Jeanna Gullett of Inverness expresses her preference for Couey's fate following the sentencing of John Couey. [Stephen J. Coddington | Times]
Phyllis Colucci takes Jessica Lunsford with her wherever she goes. To the supermarket. To the beauty parlor. On vacation.
"It keeps her memory alive," said Colucci, who always carries a small stuffed bear with Jessica's picture attached. "It's like she gets to do these things."
Colucci, 67, turned out for Couey's sentencing Friday carrying a white bear -- larger than the one she usually totes around -- and the "pink hat" picture of Jessica. "For all she had to BEAR," the picture reads.
The Inverness resident first started carrying a bear 15 years ago after a young girl in Ohio was raped and murdered. After Jessica was murdered in 2005, she added a second bear to the traveling memorial.

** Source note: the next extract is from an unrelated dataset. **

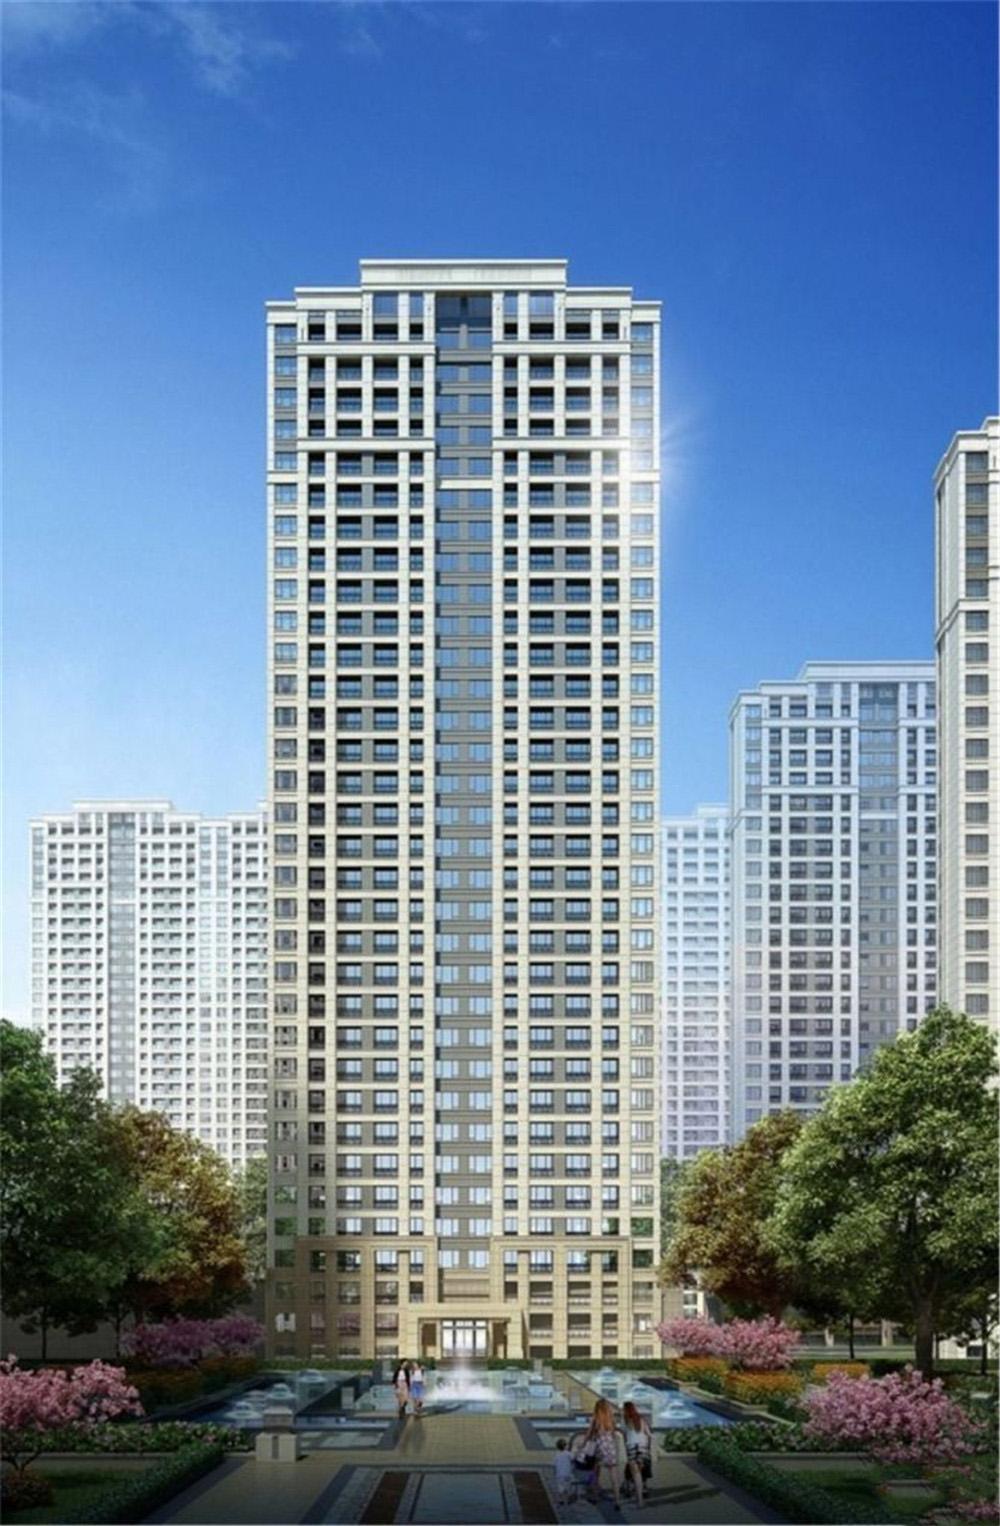 http://yuefangwangimg.oss-cn-hangzhou.aliyuncs.com/uploads/20191127/d4a2c9cc0a1fb16c33ba9409630c62c1Max.jpg

"I'm a grandma and a great grandma," Colucci said. "That could have been one of my babies."
A picture of Jessica was pinned to the right of her shirt's collar. One of her granddaughter and grandchild was attached to the left.
But that wasn't the end of the display. Colucci's daughter, Jeanna Gullett, held up a poster outside the courtroom after Couey's sentence was announced. It read "no needle" -- next to a syringe taped to the poster -- and showed Couey being buried in black garbage bags.
"The needle's too good for him," Colucci said, adding that she hoped Couey would be executed soon.
"He gets to sit and color and (Jessica) can't do that," she said. "Let's get this done quickly so he doesn't get to color for very much longer."